When F.E.A.R. 2 was originally released 11 years ago, I enjoyed playing through it, but the overall impressions of the game were mixed. I still remember being disappointed with some clear downgrades or weird changes in comparison with the original title so I was curious how different the perception of the game will be today. Years since we’ve seen the franchise effectively die, years since Monolith Productions were known and loved for making great FPS titles. I suppose, time mends the disappointments as replaying F.E.A.R. 2: Project Origin was actually very enjoyable.
The original F.E.A.R. (First Encounter Assault Recon) wasn’t exactly the first horror themed FPS, nor even a horror themed FPS with as much emphasis on the horror aspect, but in many ways it was the first nonetheless. It tried to combine concepts from Akira, The Ring, John Woo movies and your typical military shooter (an FPS theme that was only yet to explode with popularity) into one and the results were amazing. Sure, the levels were quite samey, the enemy variety limited and not everyone appreciated its incredibly minimal haunting industrial ambience. And sure, Alma, the main (tragic) villain of the series, was blatantly Sadako/Samara from The Ring. But it was an amazing FPS with impressive AI (or at least one that still feels incredibly smart) and some of the firsts to be done with games.

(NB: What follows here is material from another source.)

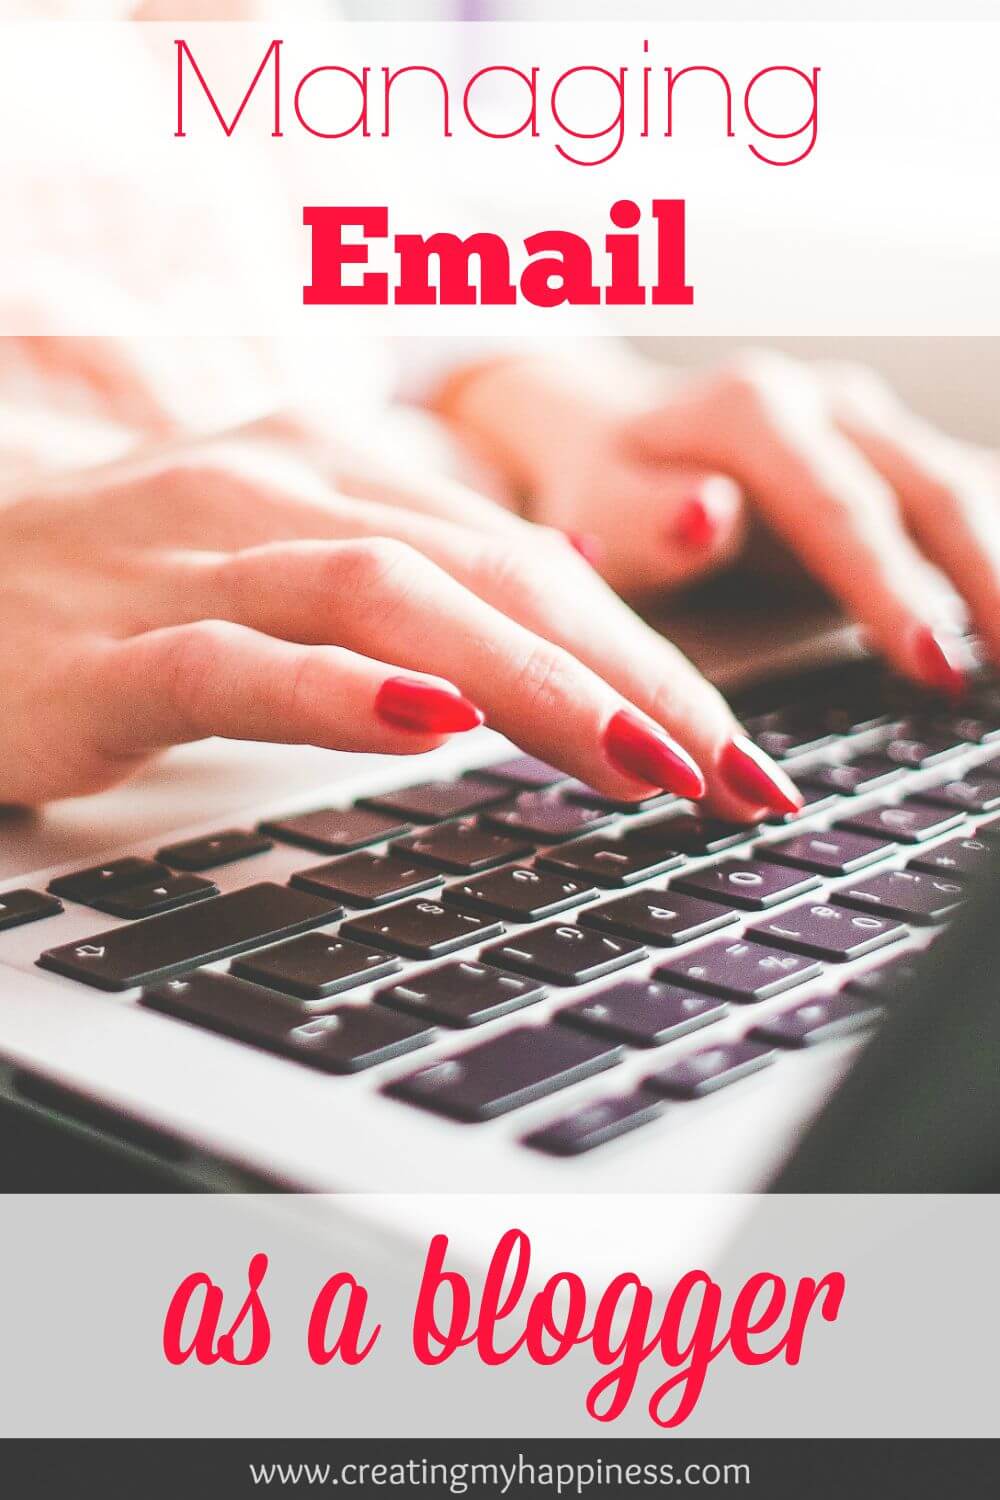 As a blogger, managing email can be a tricky balancing act. Read on for helpful tips on how to avoid email overwhelm.

That whole trick with seeing one thing, turning around and having entire level change – that’s not something that you could find before F.E.A.R. and its (rather poor) expansions, yet now every first person horror themed game has that. Oh and yes, it was also a technical marvel and the most demanding PC title of its year, in many ways surpassing the previous year’s Doom 3 and Half-Life 2.

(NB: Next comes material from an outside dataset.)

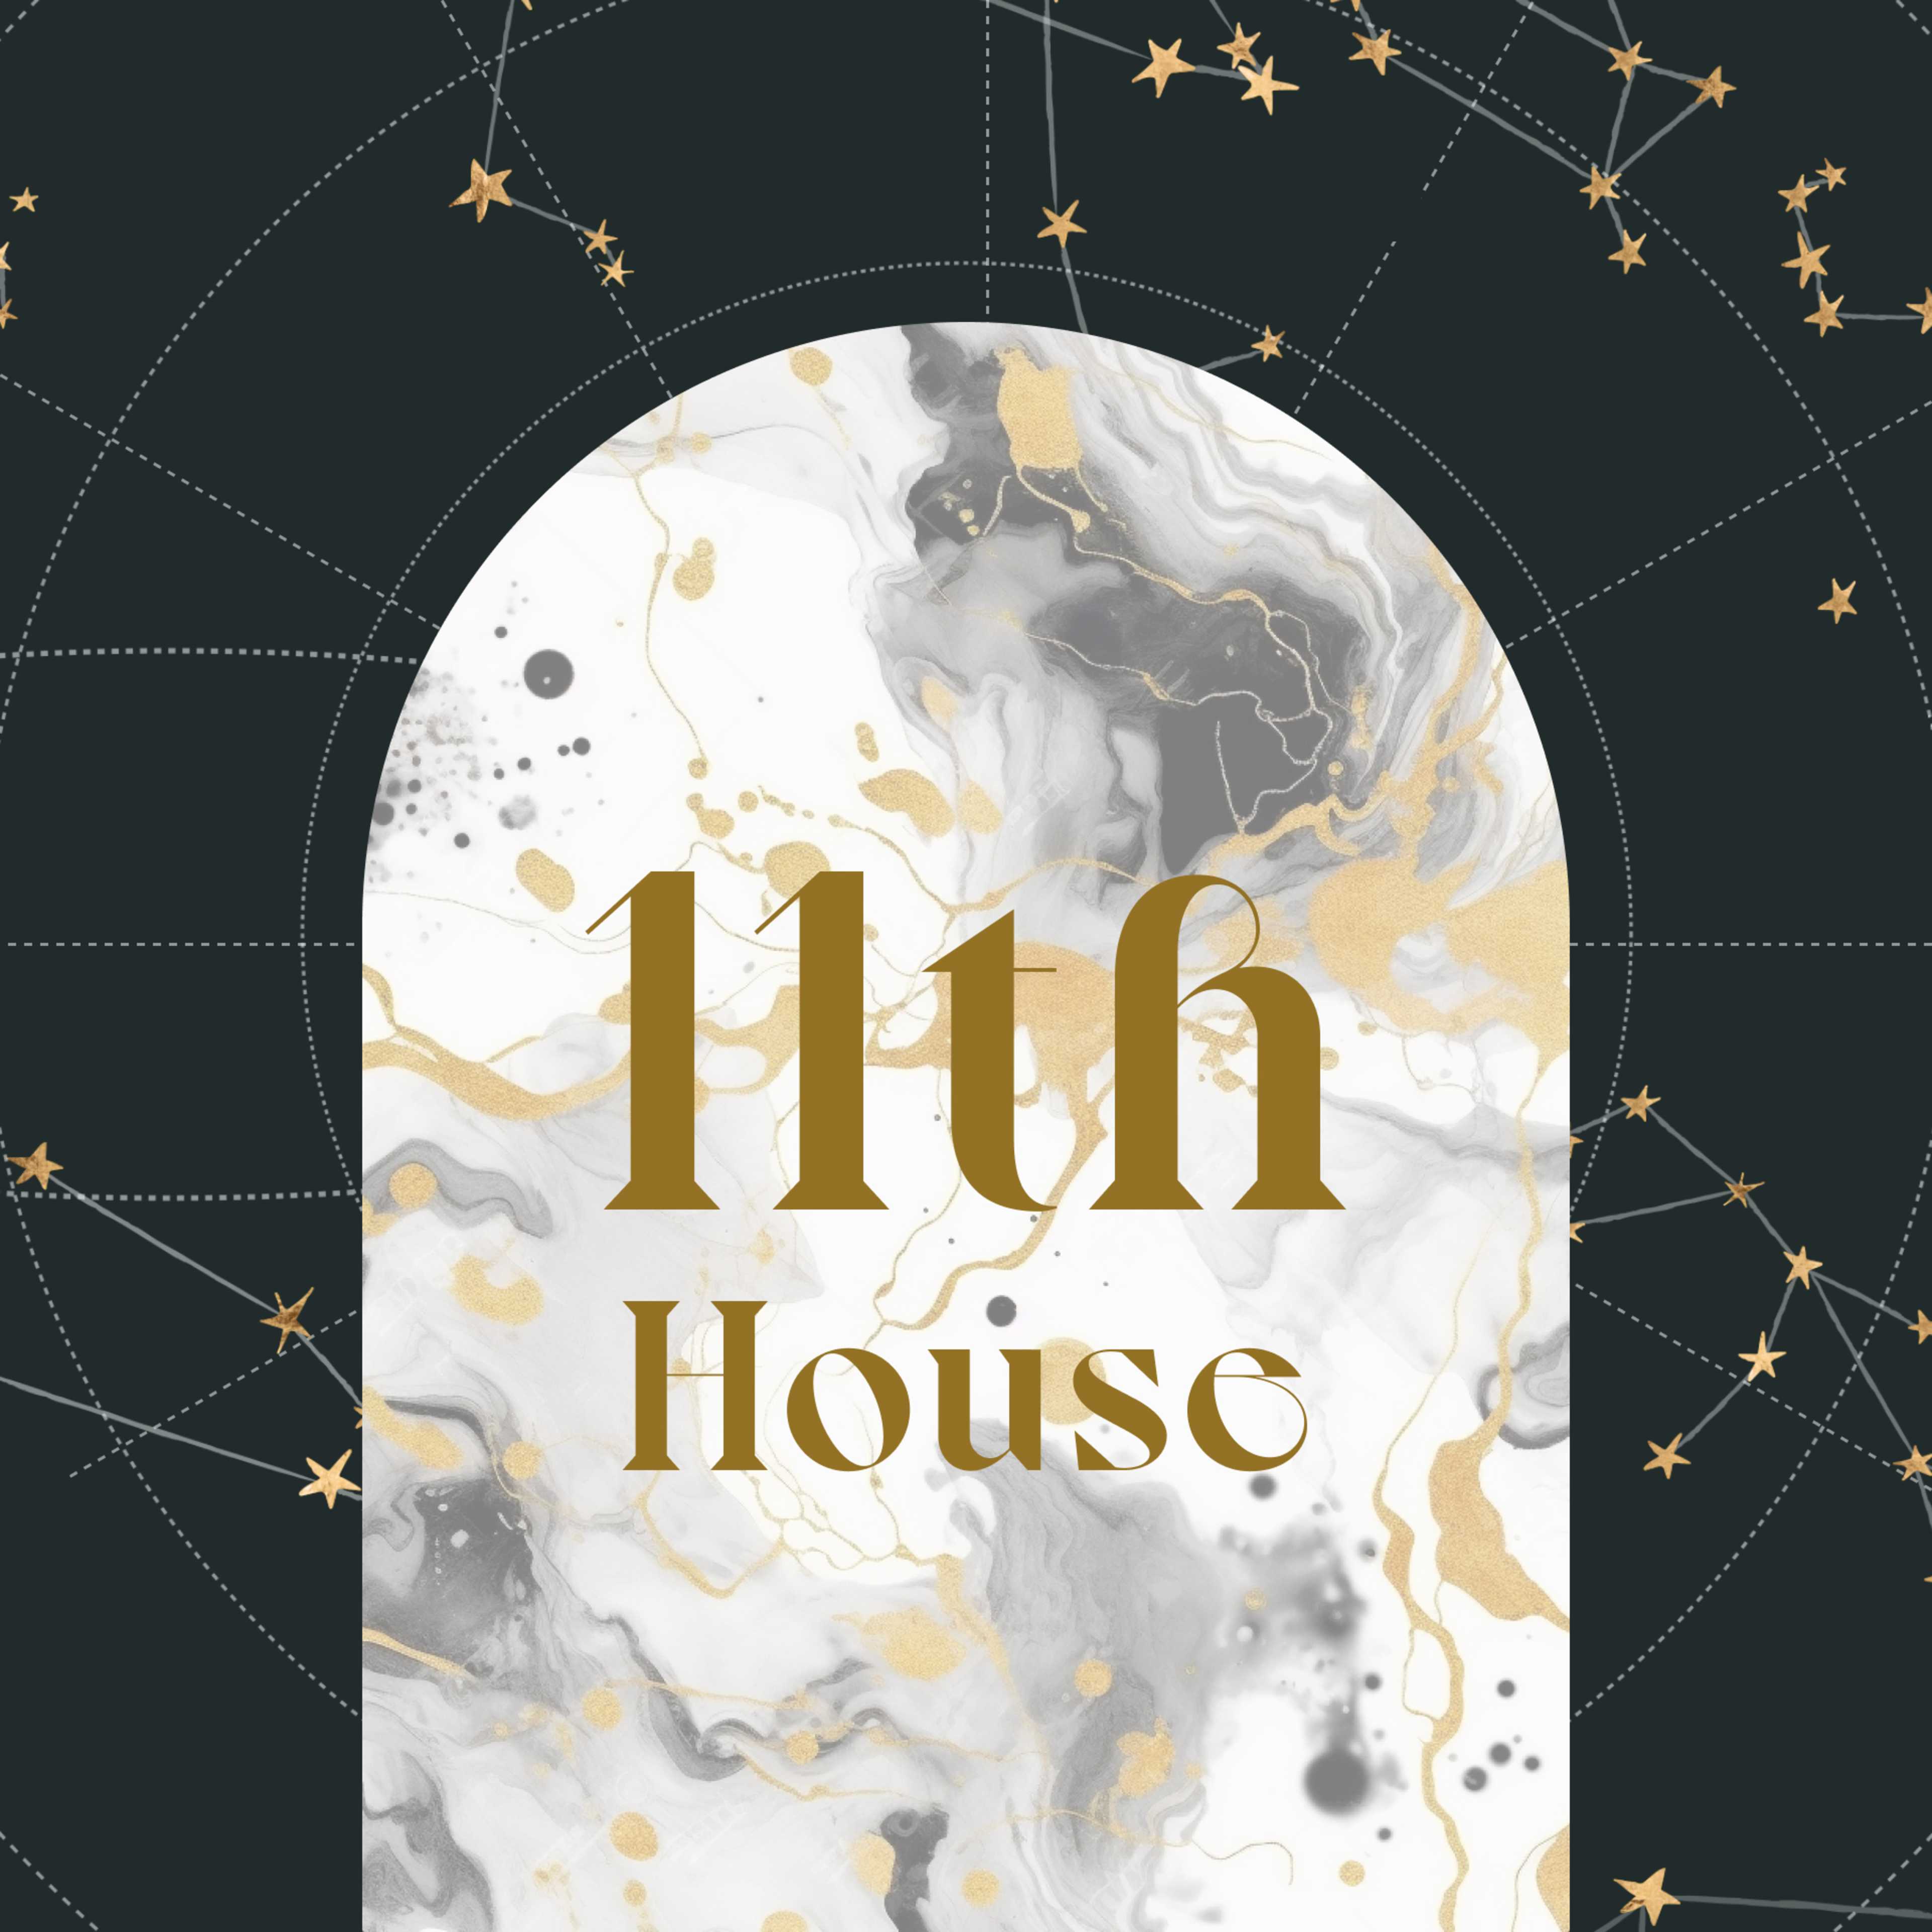 Eleventh House in Astrology

It isn’t surprising then, that there were lots of expectations for Project Origin. And yeah, the game was originally just meant to be called that with as little mentions of the first game as possible since the developers were in conflict with the publishers of the first game and couldn’t use the same title.Which influenced what game this turned out to be. You see, you pretty much don’t need to play F.E.A.R. to understand anything in the sequel. It helps, but almost none of the characters from the original are directly referenced and everything you need to know is told in this game. Which isn’t a bad thing on its own, of course, however it leads to a bit of a problem.
The original had a truly memorable villain in Paxton Fettel and several characters you grew to care about. And the game was built on these characters start to finish. Project Origin has its own cast and none of them, including Alma herself, are interesting to follow in any way. They’re as generic as they go and due to that, the story of Project Origin just kinda happens. Until you get the rather controversial ending which was… well, novel, I suppose, but not entirely deserved, I would say. Oh, there was also Reborn DLC where the story can be explained in 3 words and it is a preferable experience to playing said DLC, so you can just ignore that altogether.
Where the sequel lost in story and actually mood as well – it’s a surprisingly colourful game for how disturbing and dark it is supposed to be, – the game is in many ways more fun to play than the original. The flow is better, the variety of enemies and weapons is good enough, using slo-mo is fun, things still explode in lots of cool looking debris. And horror-themed and “just military” segments are now mixed far better, the visual storytelling and transitions between the hallucinations are top notch, actually still impressive and stylish today.
Now, it is a distinctly “consoles-first” game, unlike the original. It has a lot of trappings similar to what was expected of console FPS titles in 2009, lots of tutorial popups, huge button prompts, even some QTE sections. And, what’s more disappointing, less fine tuning in controls with, for example, no support for mouse thumb buttons whereas the original supported that. It’s not terrible, but it adds a bizarre “00s console game” feel to it when the original title didn’t have that. Also, while the music is good when it continues being creepy ambient, it sometimes tries to sound epic and fails.
If you’ve somehow missed the F.E.A.R. series, definitely give the original a go (you can safely ignore the expansions) and Project Origin is a good FPS to check out as well. It aged surprisingly well, despite those outdated console-friendly elements, and is very fun to play. Most people, actually, will probably enjoy this one over the original.